Hacker News new | ask | show | jobs
by userbinator 4024 days ago
Even if they weren't a single mnemonic, if you read the paper you'll find that reg = mem[reg + C], mem[reg + C] = reg, and reg = C appear to be the only 3 instruction types that are actually needed; these are only register-memory and register-constant data transfers. Even register-register isn't needed.
2 comments

register-register movs are needed because compilers are not the world's smartest code generators, and we don't have an infinite number of registers. The biggest problem arises when some calling convention expects certain things to be in certain registers - unless you do some pretty extreme long term planning in your register allocation code in the compiler, you're pretty likely to eventually wind up with some piece of information in a register that you need to move to another register before making or returning from a call.

Of course, modern processors don't really care about register-register moves because they have hundreds of hidden intermediate registers and register renaming which makes those types of moves "free." (e.g. Haswell has 168 GP registers, only 16 of which are exposed through the AMD64 ISA.)

Note that you don't need a dumb compiler, register pressure, or an instruction with physical register constraints to require a copy. Two-address instructions suffice: simply have a register for the first operand that contains a value that is used later. A copy is required to preserve the value stomped by the mutating instruction.

In any case I believe the point of the GP is that any necessary copy can be done by going through memory, so register-register moves can be dispensed with where minimalism is the goal.

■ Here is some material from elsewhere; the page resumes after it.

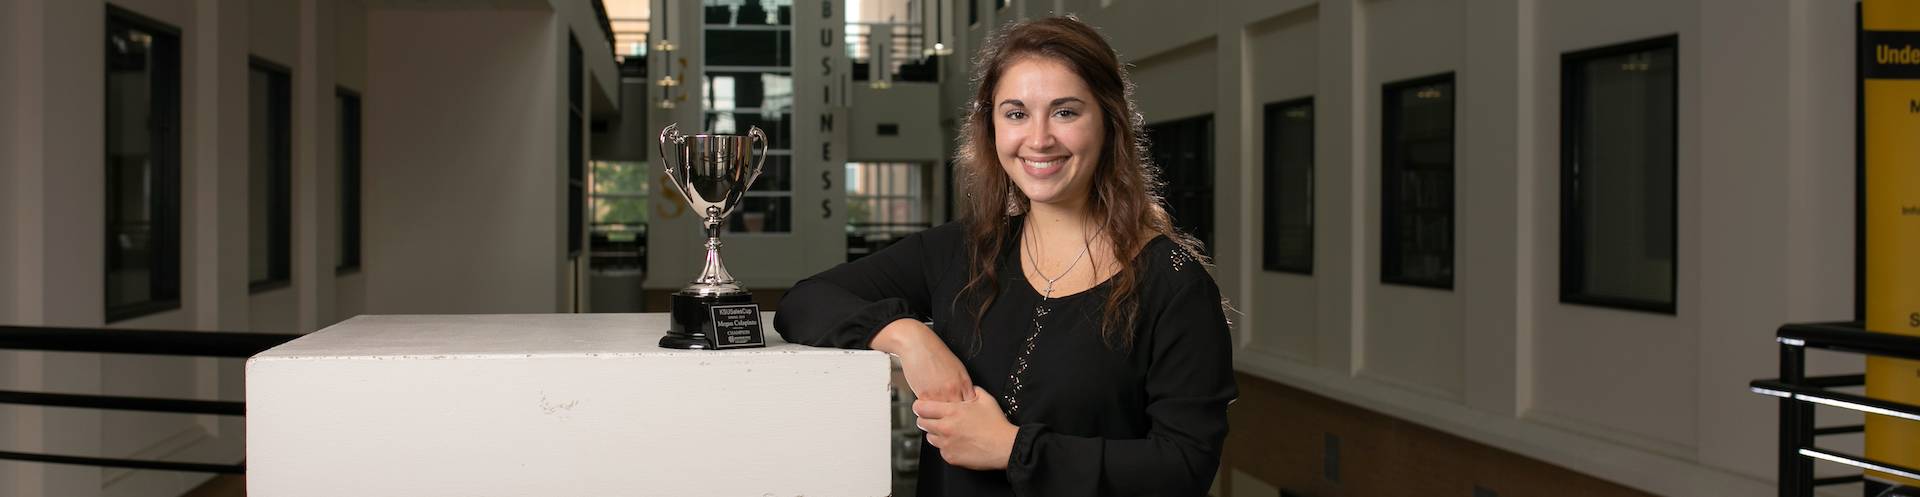 Megan Colapinto captained the KSU Sales Team, winning the KSU Sales Cup competition four consecutive times

Do you have a citation for the 168GP registers, just wondering if Intel have "offically" stated the number they use in a given microarch.
You can find an official Intel source for Haswell in here (page 15): http://pages.cs.wisc.edu/~rajwar/papers/ieee_micro_haswell.p...
I might be misreading this, but I think it's on slide 24 of this PDF http://www.hotchips.org/wp-content/uploads/hc_archives/hc25/...
Yes, and these are effectively 3 different instructions sharing the same mnenomic. If you assemble them:

        mov     0x1000(%rax,%rax), %eax
        mov     %eax, 0x1000(%rax,%rax)
        mov     $7, %eax
You get:

        0000000000000000	8b840000100000  	movl	0x1000(%rax,%rax), %eax
        0000000000000007	89840000100000  	movl	%eax, 0x1000(%rax,%rax)
        000000000000000e	b807000000      	movl	$0x7, %eax
Which is basically 0x8b->Load, 0x89->Store, 0xb8->Constant.